エ.身の回りのある程度のことはできるが、しばしば介助が必要で日中の50%以上は就床しており自力では屋外へ外出等がほぼ不可能となったもの
オ.身の回りのこともできず、常に介助を必要とし、終日就床を強いられ活動の範囲が概ねベット周辺に限られるもの
上記の一般状態区分表はア~オの5段階で病状を判定する形となっています。
担当医師がア~オに〇をすることになりますがこの判断は、がんによる障害年金の受給の可否を大きく左右するといえます。
当該欄は現在の病状を端的に判断される記載欄の為「一般状態区分の欄」診査においては重視される傾向にあります。
アに〇がされた場合は障害年金を受給することは出来ません。
イに〇がされた場合は3級に該当する可能性があります。2級に認定される可能性は低くなります。
ウに〇がされた場合は2級または3級に認定される可能性があります。
エに〇がされた場合は2級に認定される可能性があります。
オに〇がされた場合は1級に認定される可能性があります。
⑮その他の障害欄
がんによる診断書の作成を行う場合は⑮その他の障害欄に症状を記載することになります。
この欄には症状として自覚症状、他覚症状また検査成績の記載欄がありますので、それぞれ必要な事項について記載する必要があります。
自覚症状は主にご自身で感じている病状について記載する欄であり、他覚症状は主治医をはじめとする第三者が客観的に知る事が出来る症状を記載することになります。
⑯現症時の日常生活能力及び労働能力
障害年金の申請においては労働にどれだけ支障が生じているのか日常生活にどれだけ支障が生じているのかと言った観点から診査が行われます。
このことから当該欄の記載は重要な意味を持つといえます。
労働が行えず、日常生活にも著しく支障が生じている場合はその点について簡潔に記載してもらう必要があります。
労働が行えないにもかかわらず「軽労働は可」などと記載されている場合には、障害年金の受給が認められなくなる場合があります。
⑰予後欄
予後の欄には今後の回復可能性について記載します。障害年金は現時より1年前から今後1年後の病状を診査の対象とすると言われています。

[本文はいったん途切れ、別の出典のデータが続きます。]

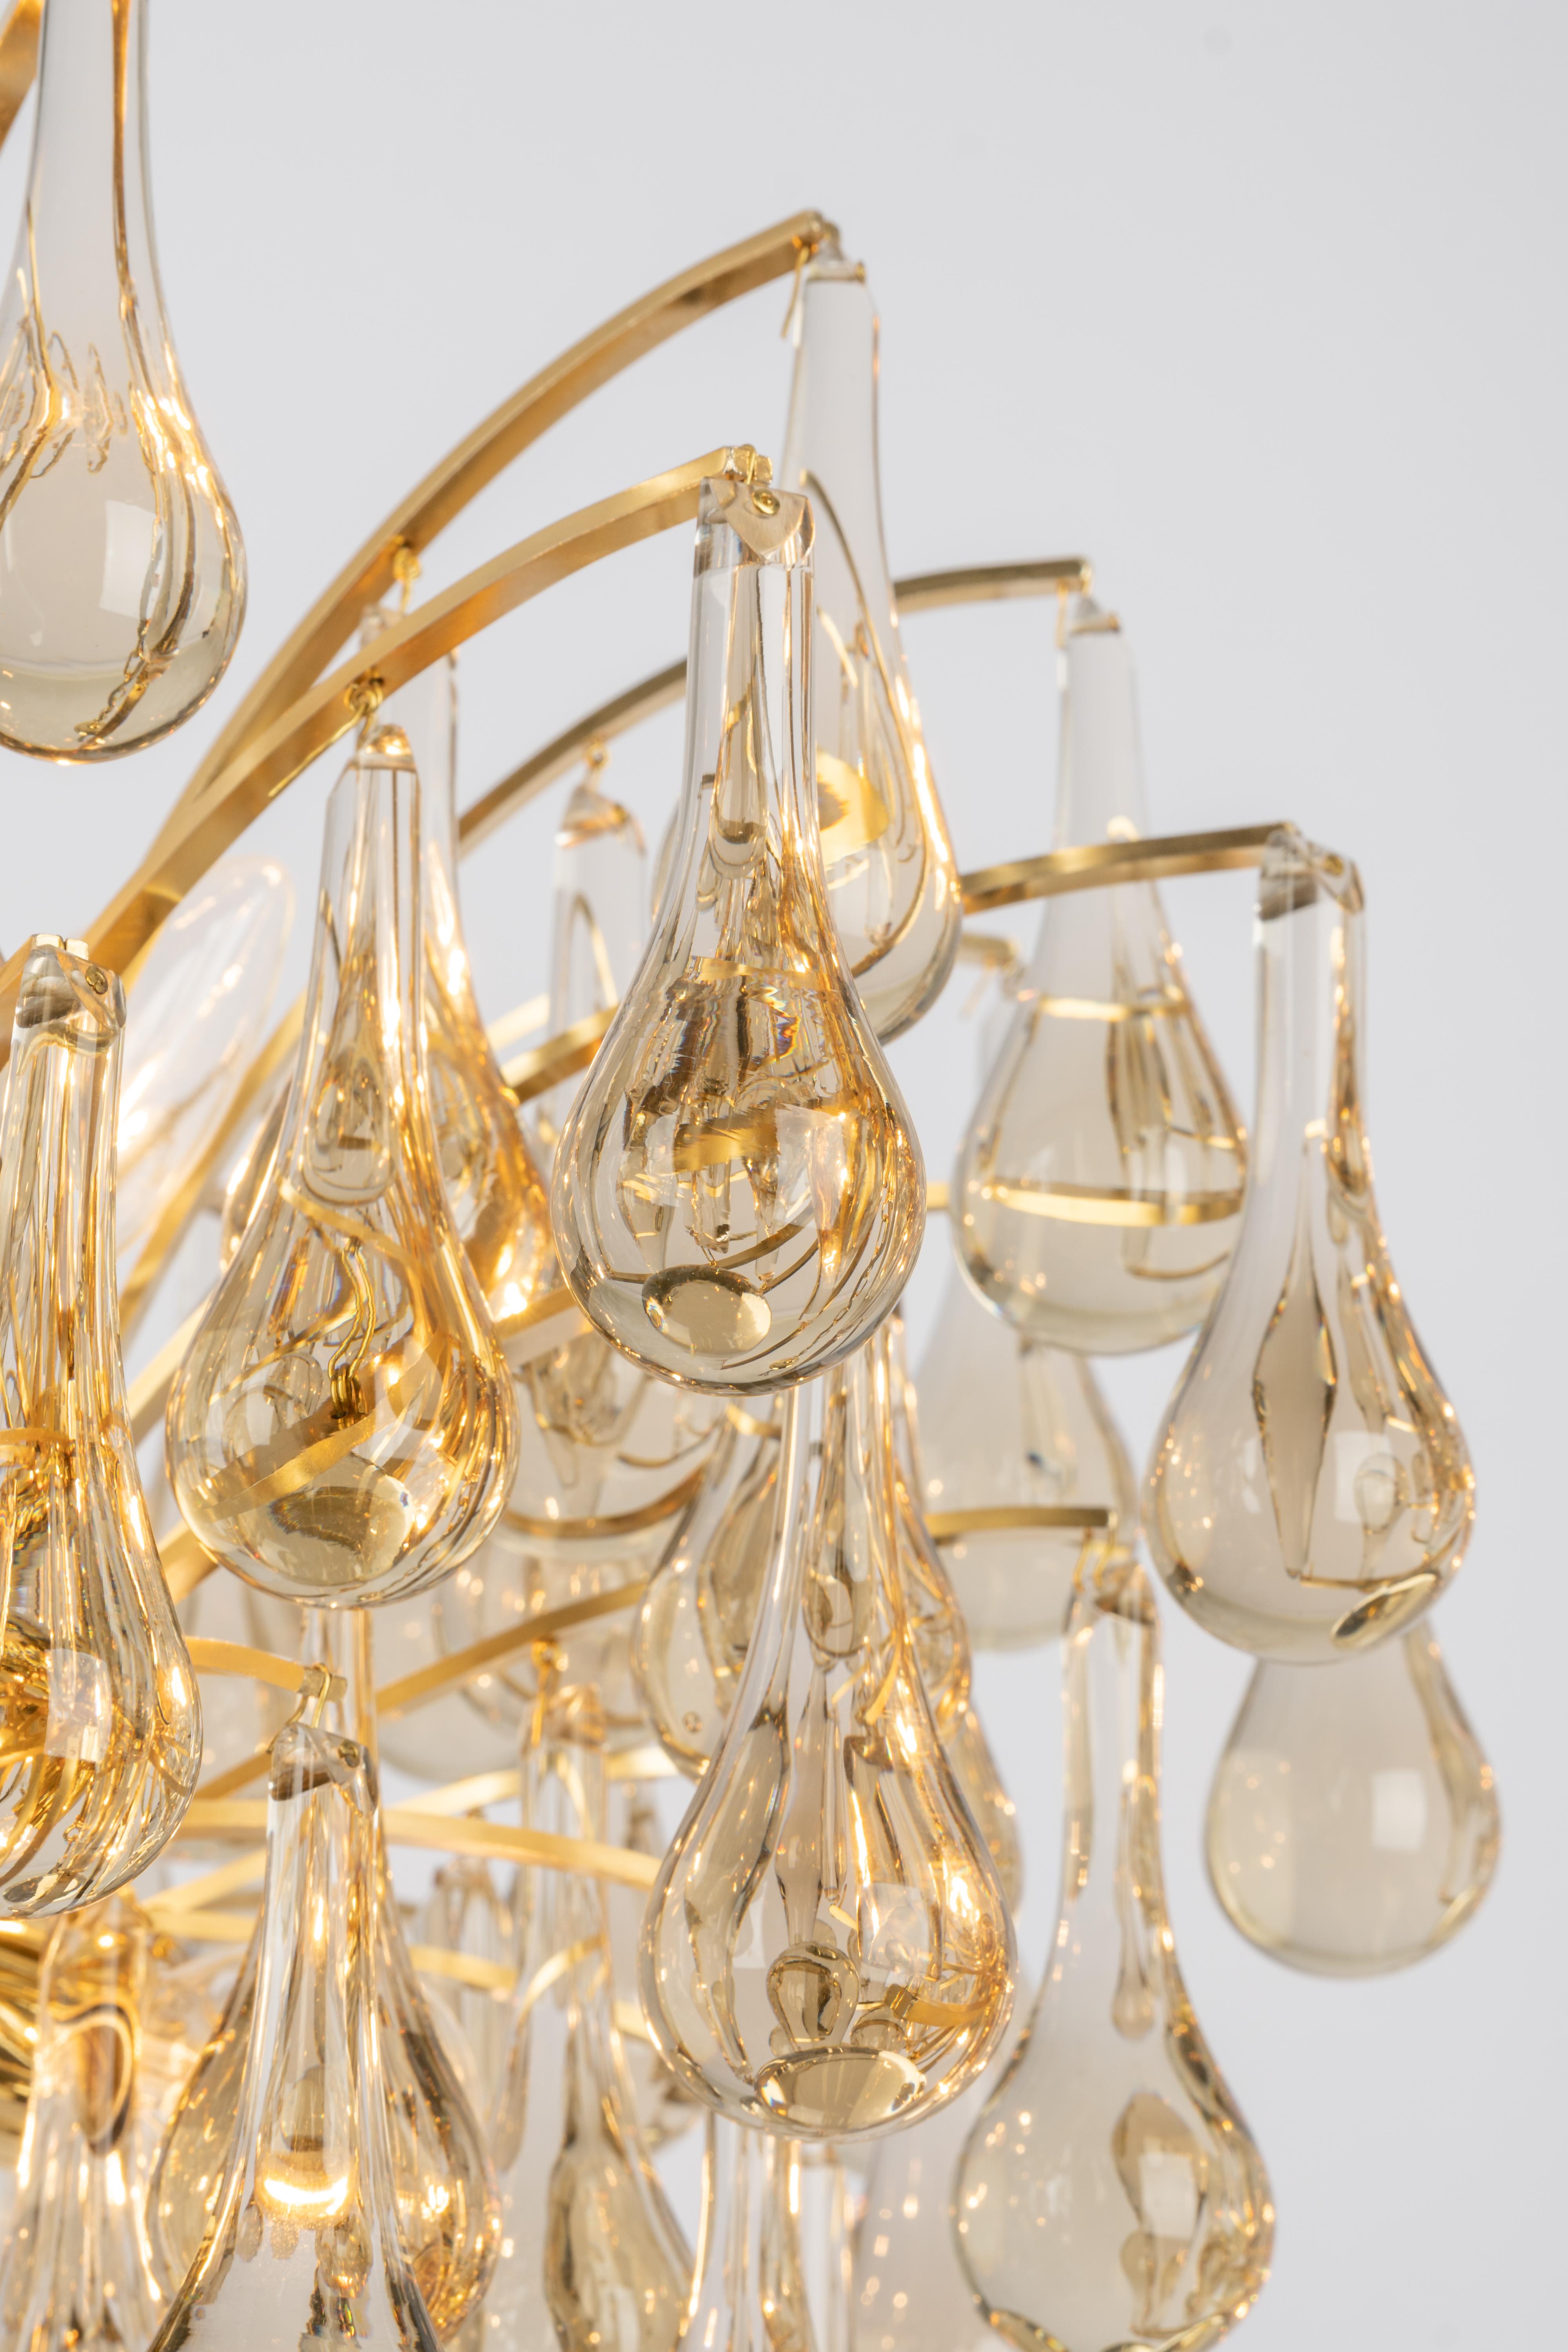 Large Murano Glass Tear Drop Chandelier, Christoph Palme, Germany, 1970s For Sale 2

このことから、予後が悪化傾向にある場合にはその旨を記載する必要があります。
診断書作成後の注意点
診断書完成後の確認
診断書が完成した際は必ず内容を確認するようにしましょう。
前述のように医師は忙しい合間を縫って診断書を作成することから、記述間に矛盾が生じる場合や記載漏れ、或いは、事実と異なる記載や現状よりも軽い病状を記載してしまう場合もあります。
これらの記載をそのままにして提出してしまった場合、本来受給できるはずの障害年金を受給できなくなる恐れもあります。
このことから完成後は必ず内容を確認し誤った記載や現状を反映していない記載に関しては、必ず担当医師に相談し、記載の変更や修正を依頼するようにしましょう
他の書類との整合性
障害年金の手続きを行う場合は診断書以外にも病歴就労状況等申立書や受診状況等証明書(初診日の証明書)、その他必要書類の提出が必要となります。
これらの書類間の記載に矛盾がある場合は手続きの途中で書類の修正を求められたり、場合によっては診査の結果受給が認められなくなる場合もあります。
この事から診断書とその他の書類の内容に矛盾が生じない(整合性)ように注意する必要があります。